One thing the SKILL.md reference pages do not spell out: the description field is not marketplace copy. It's a lightweight classifier prompt. The agent reads it to decide whether to load this Skill at all, and the wording of that one paragraph is what triggers — or fails to trigger — your runbook.

The first time I wrote a description, I made the mistake almost everyone makes. I described the Skill the way you'd pitch a product feature: "transcribe, summarize, clean, content rewrite, video download…". The model started reaching for it on adjacent tasks where it had no business — anything that smelled like "text" or "video" pulled it in.

The fix wasn't writing more. It was writing narrower, in a different shape entirely. I rewrote the description as "trigger when X / do not trigger when Y" — explicit positive and negative conditions. The mistriggers stopped almost immediately, and the relevant ones got more reliable.

If you've shipped a Skill that "feels flaky" or "fires when it shouldn't", check the description before you touch the runbook. Treat it as the conditional you're handing the agent, not as the README header.

My rule of thumb (and where it stops working)

So here's how I'd compress everything above into one sentence I actually use:

If you're building a coding agent, build everything you can as CLI + Skill first. Reach for MCP only for the things that genuinely live inside someone else's running system — Figma, Notion, Chrome, your design tool of the day. Don't do it the other way around.

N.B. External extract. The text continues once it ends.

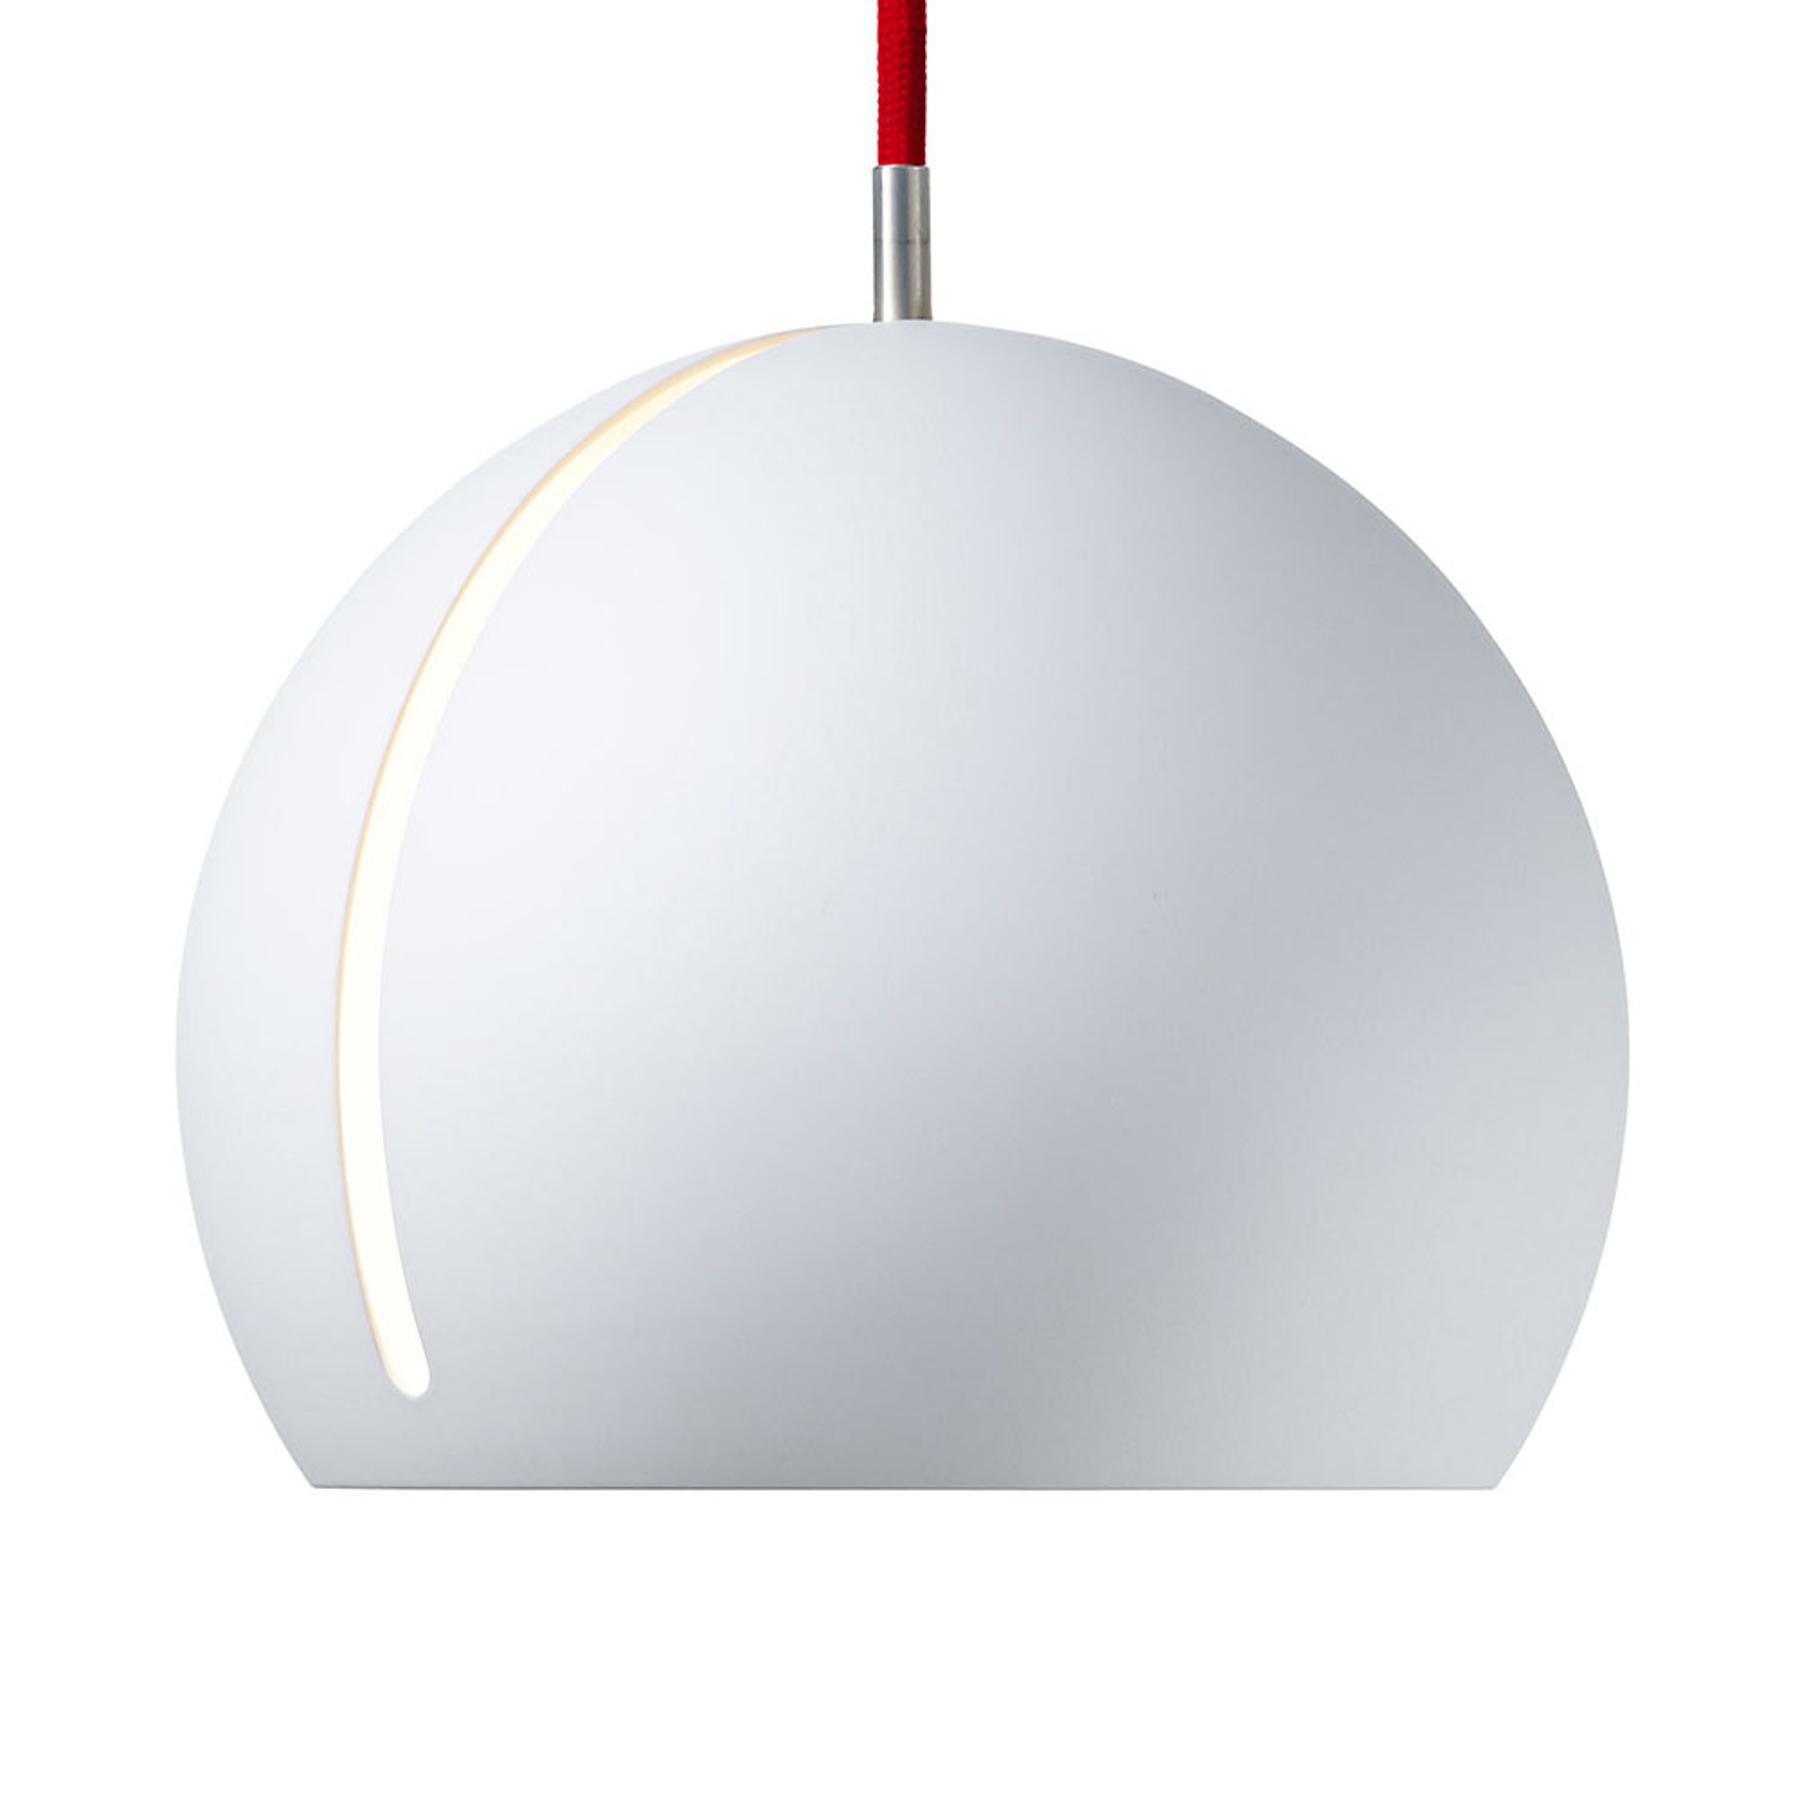 Nyta Tilt Globe hanglamp kabel 3m rood wit

That's the working rule. It comes out of six Skills, three hosts (Claude Code, Verdent, Codex), and a handful of MCP servers I've actually used in anger.

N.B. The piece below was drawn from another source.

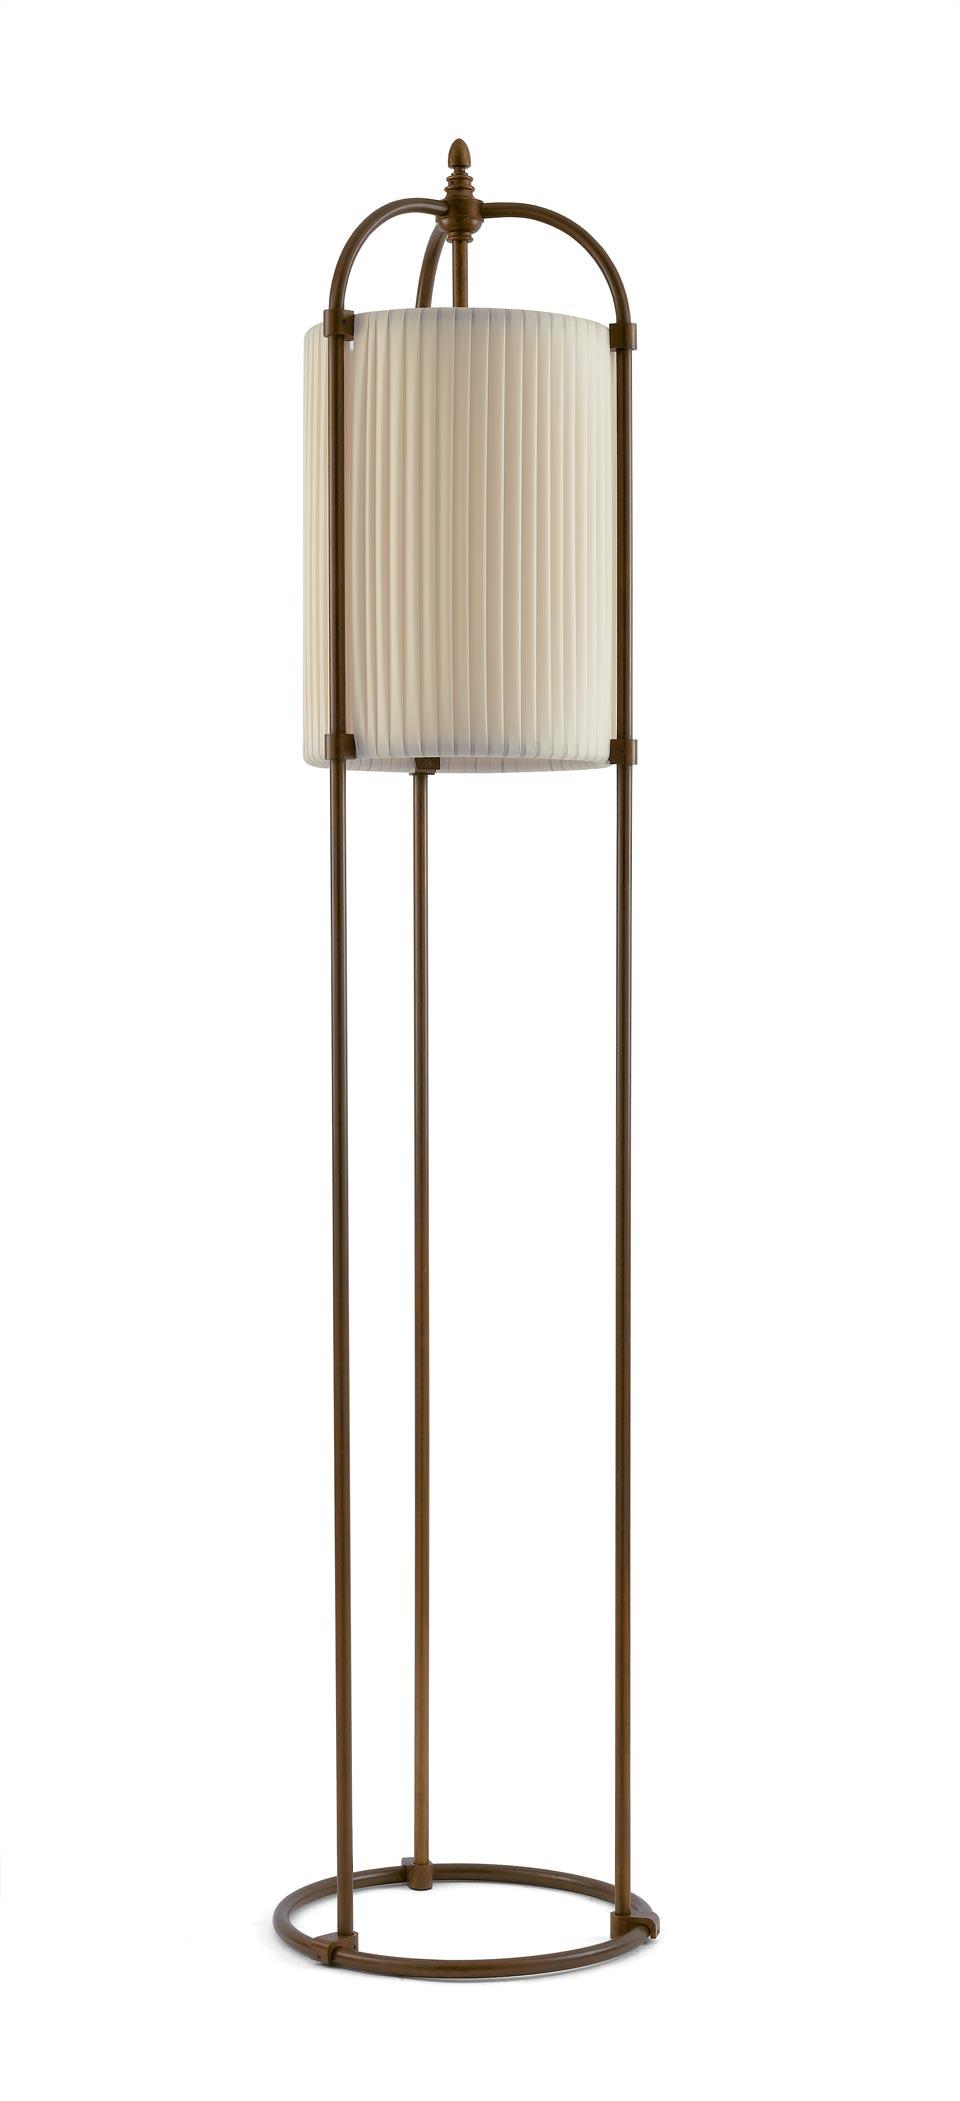 Lampadaire cylindre soie beige et patine antique foncée. Aldo Bernardi.

It doesn't generalize everywhere, and the honest version of this article has to say where.

  • If you're publishing an MCP server for a multi-client audience, this rule isn't yours. I haven't shipped one to a registry. The questions you'll face — transport choices, client compatibility, versioning, distribution — are the questions MCP was actually designed for, and you'll learn more from people doing it than from me.
  • If your agent runs on Claude Desktop or only through the bare Agent SDK, my Skill experience may not transfer cleanly. I run Skills on Claude Code, Verdent, and Codex; the host shapes what a Skill feels like in ways I can't speak to firsthand for the others.
  • If you're plugging this into an enterprise distribution story — pushing capabilities to non-engineers across teams — MCP starts winning rows that don't appear in my matrix. Standardized contracts, audit, and centralized control are real advantages I haven't had to optimize for.

If you're shipping a coding agent, write the Skills first.